For example, the primary energy may be electricity. The primary energy may include electricity stored in the primary storage means 139 such as a battery. Alternatively, the primary energy may include electricity generated by the power generation unit 130 .

Water electrolysis may be electrolysis of water. Electrolysis is a process of decomposing substances through an electrochemical redox reaction by applying electrical energy. The electrode where the oxidation reaction takes place is called an oxidation electrode (anode), and the electrode where the reduction reaction takes place is called a reduction electrode (cathode). In electrolysis reactions, oxidation and reduction reactions always occur simultaneously. In the case of water electrolysis, which electrolyzes water, hydrogen and oxygen may be generated at each electrode. In summary, water electrolysis may refer to a chemical reaction that uses electrical energy to separate water into oxygen and hydrogen. Hydrogen gas produced through water electrolysis may be used as a fuel for fuel cells and the like. Oxygen gas may be released into the water to increase the amount of dissolved oxygen in the water supporting the body 110 .

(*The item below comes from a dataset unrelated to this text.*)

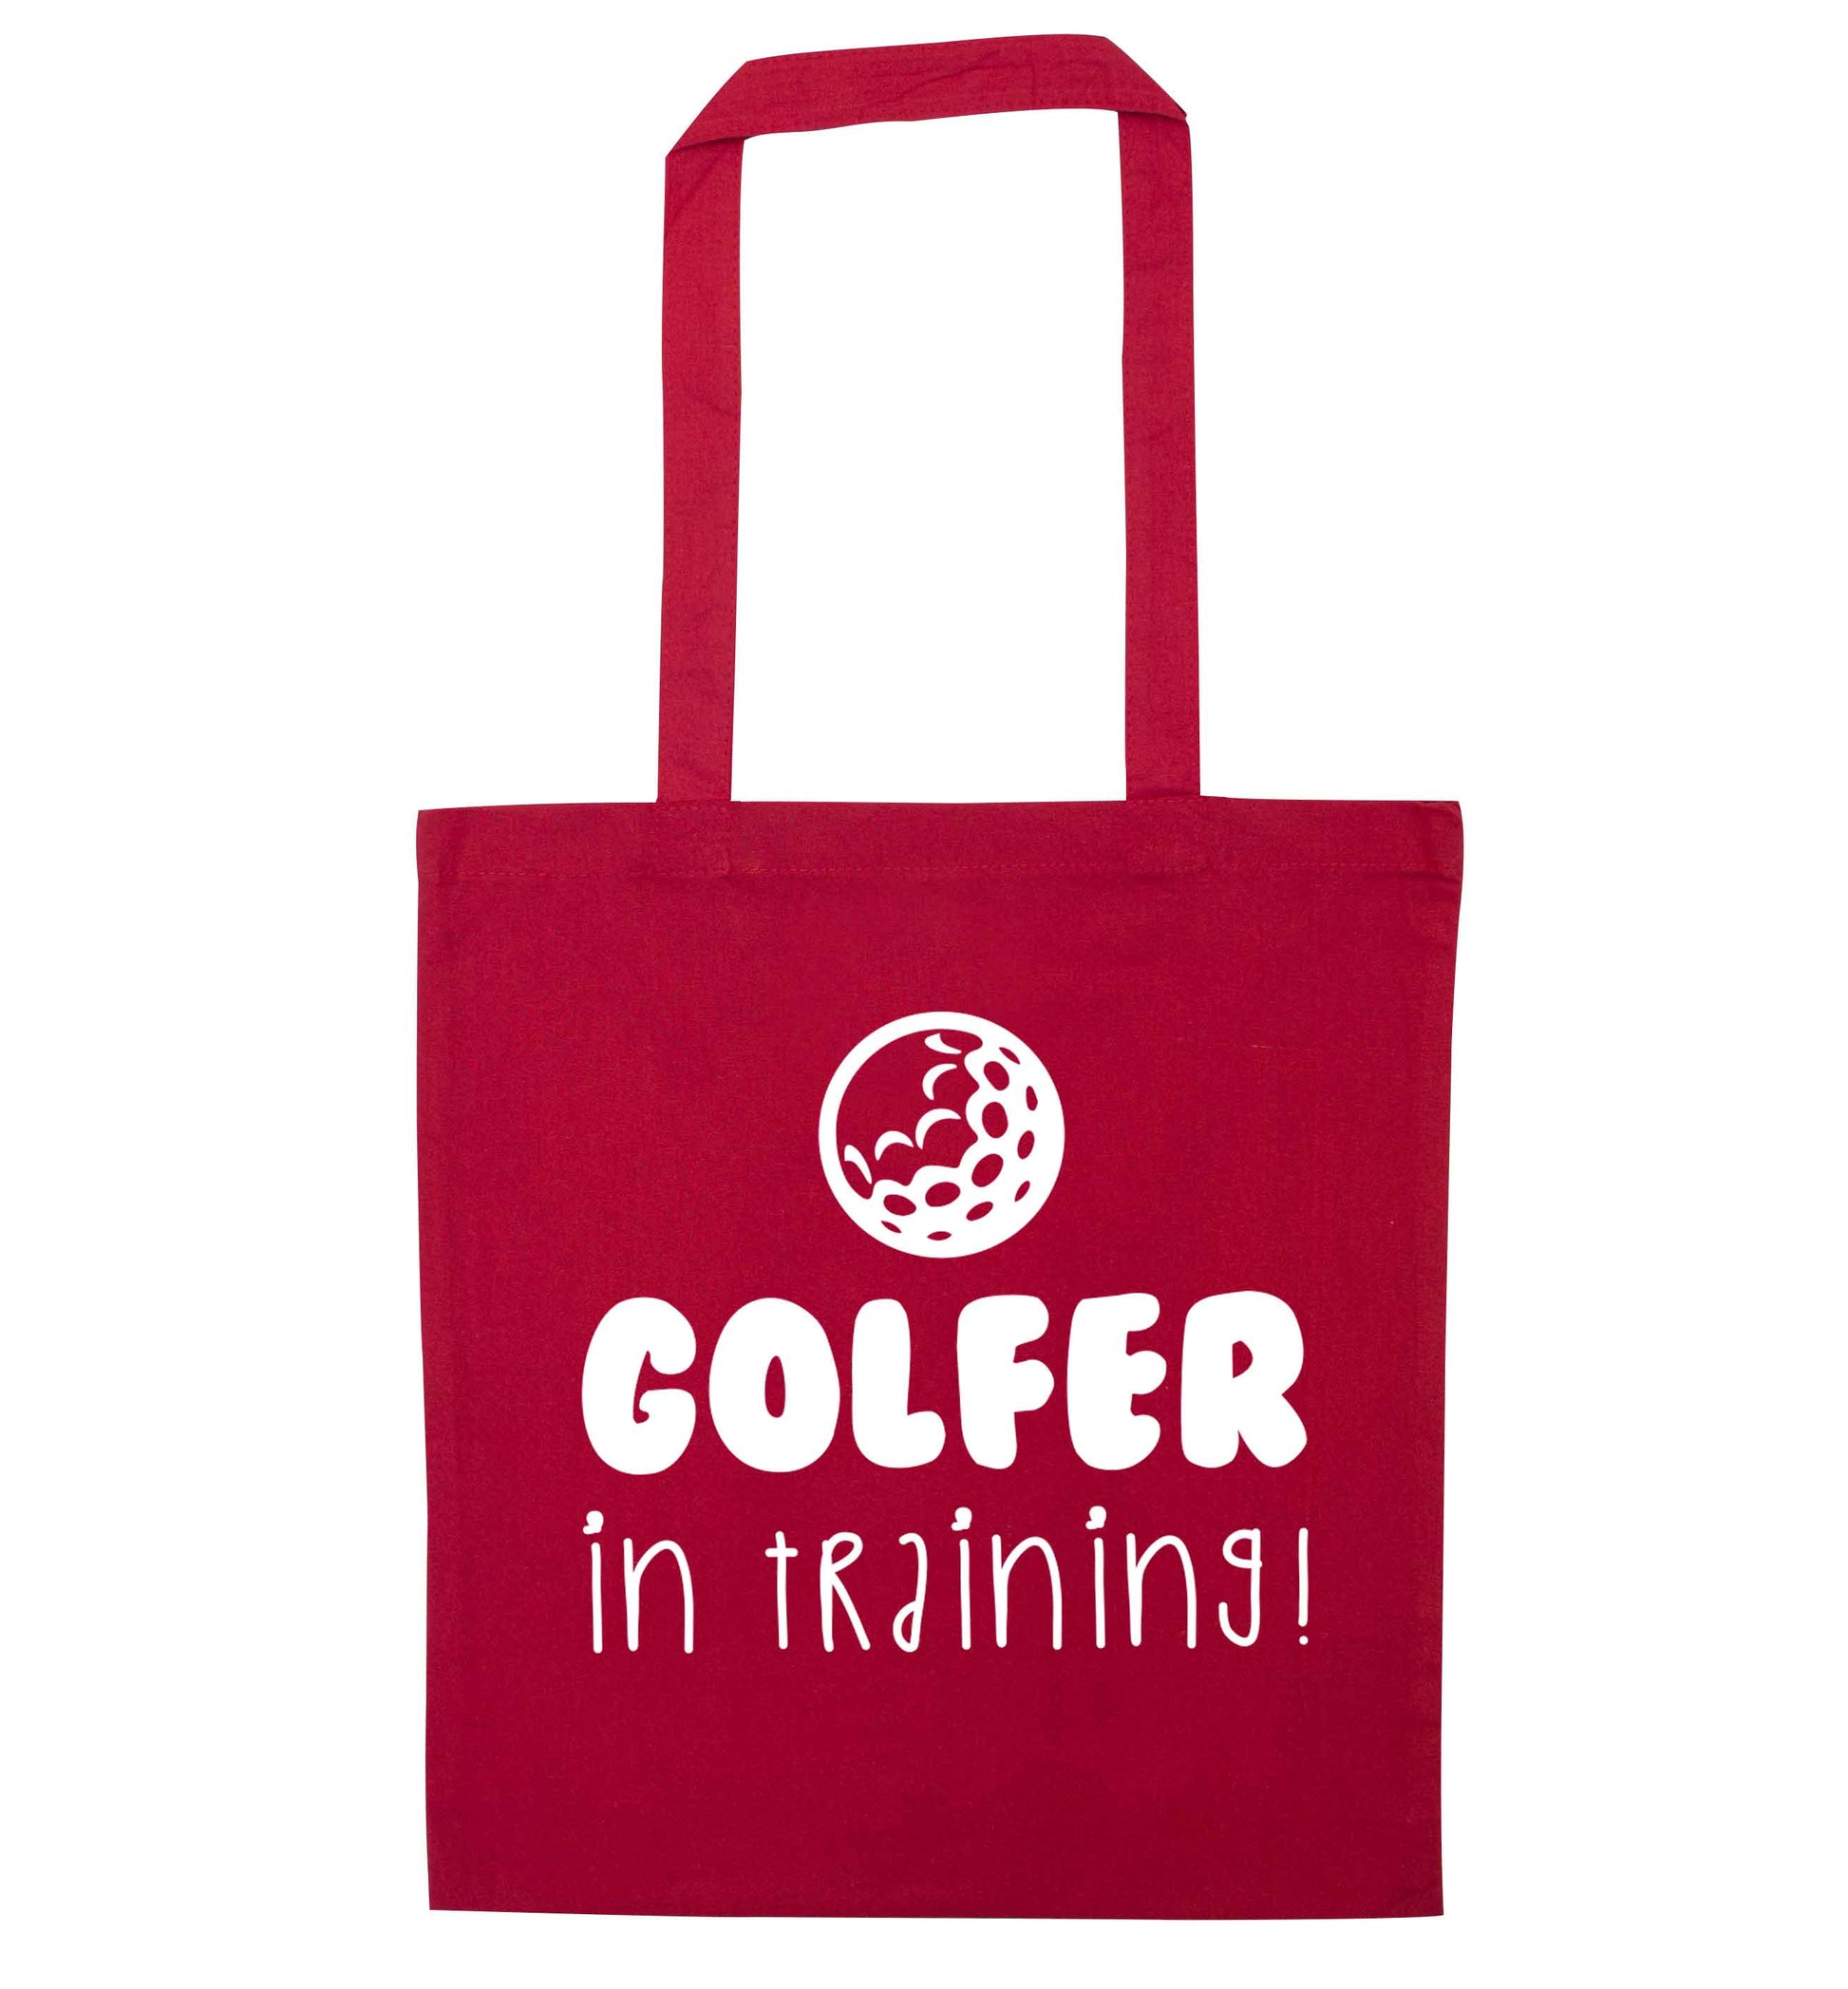 Golfer in training red tote bag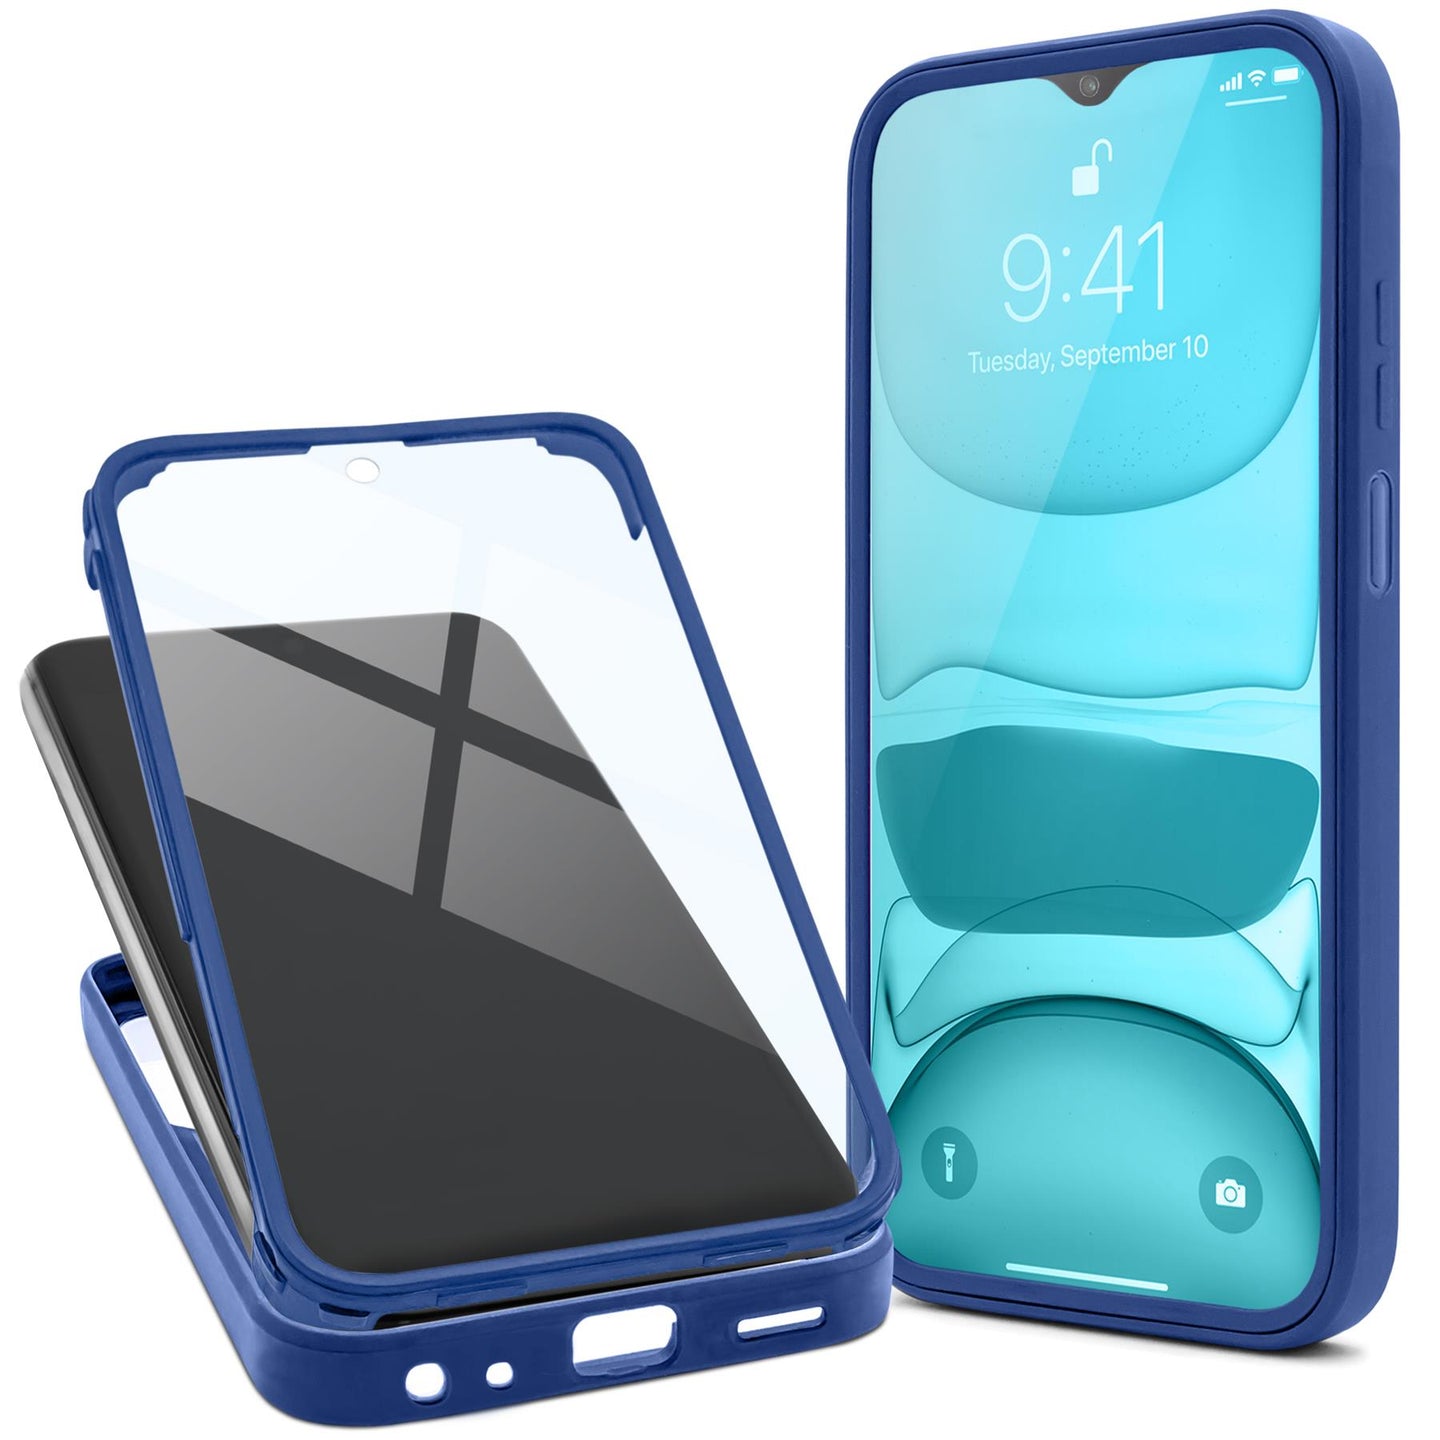 Moozy 360 Case for Samsung A22 5G - Blue Rim Transparent Case, Full Body Double-sided Protection, Cover with Built-in Screen Protector

The body portion 110 may be provided with an inlet pipe 119 through which external water is introduced. In the production unit 150 , the water storage tank 159 in which water is accommodated, the first electrode 151 installed in the water storage tank 159 in which water is accommodated, and hydrogen generated from the first electrode 151 are guided to the storage unit 170 . A first pipe part 153 that is installed in the water storage tank 159, a second electrode 152 installed in the water storage tank 159, and a second pipe part 154 for guiding oxygen generated from the second electrode 152 side to the discharge part 120 are provided. can be

The first electrode 151 may correspond to a reduction electrode in which hydrogen ions are reduced during electrolysis of water to generate hydrogen gas. The second electrode 152 may correspond to an oxidizing electrode in which water is oxidized to oxygen gas during electrolysis of water.

The power generation unit 130 is supported by the body unit 110 , and may produce primary energy in a state disposed on the water surface (on water, 90 ) by the body unit 110 . The power generation unit 130 may generate primary energy by recycling fossil fuels or converting renewable energy. For example, the power generation unit 130 is a wind generator that produces electricity using wind power corresponding to renewable energy, a tidal generator that produces electricity using tidal energy, and a solar generator that produces electricity using solar energy. panels and the like.

The power generation unit 130 supported by the body unit 110 floating on water may include a solar cell, for example, a solar panel.

A device that converts the energy of photons generated from the sun into electrical energy through the photoelectric effect is called a solar cell. An assembly in which a plurality of solar cells are connected in series or parallel to a single circuit is called a solar module.

A core material of a solar cell is a light absorbing layer that exhibits a photoelectric effect. Silicon is the most widely used material, and in addition, copper indium gallium selenide (CIGS), cadmium telluride (CdTe), group III-V element composite material, photoactive organic material, perovskite, and the like may be used.

When electricity is generated by the power generation unit 130 , the generation unit 150 may electrolyze water using the electricity. A portion of the electricity generated by the power generation unit 130 may be stored in the primary storage means 139 such as a battery.

The storage unit 170 may store the hydrogen produced by the production unit 150 in the water. The storage unit 170 may include a storage tank for storing hydrogen in a gaseous state or in a liquid state.

The storage unit 170 may store hydrogen by a physical method or store hydrogen by a chemical method.

As a physical storage method, hydrogen may be liquefied using high pressure or cooling and stored in the storage unit 170 .

As the chemical storage method, a metal-organic matrix (MO matrix), a carbon molecular sieve, or a hydrogen storage alloy (metal hydride, MH) may be used.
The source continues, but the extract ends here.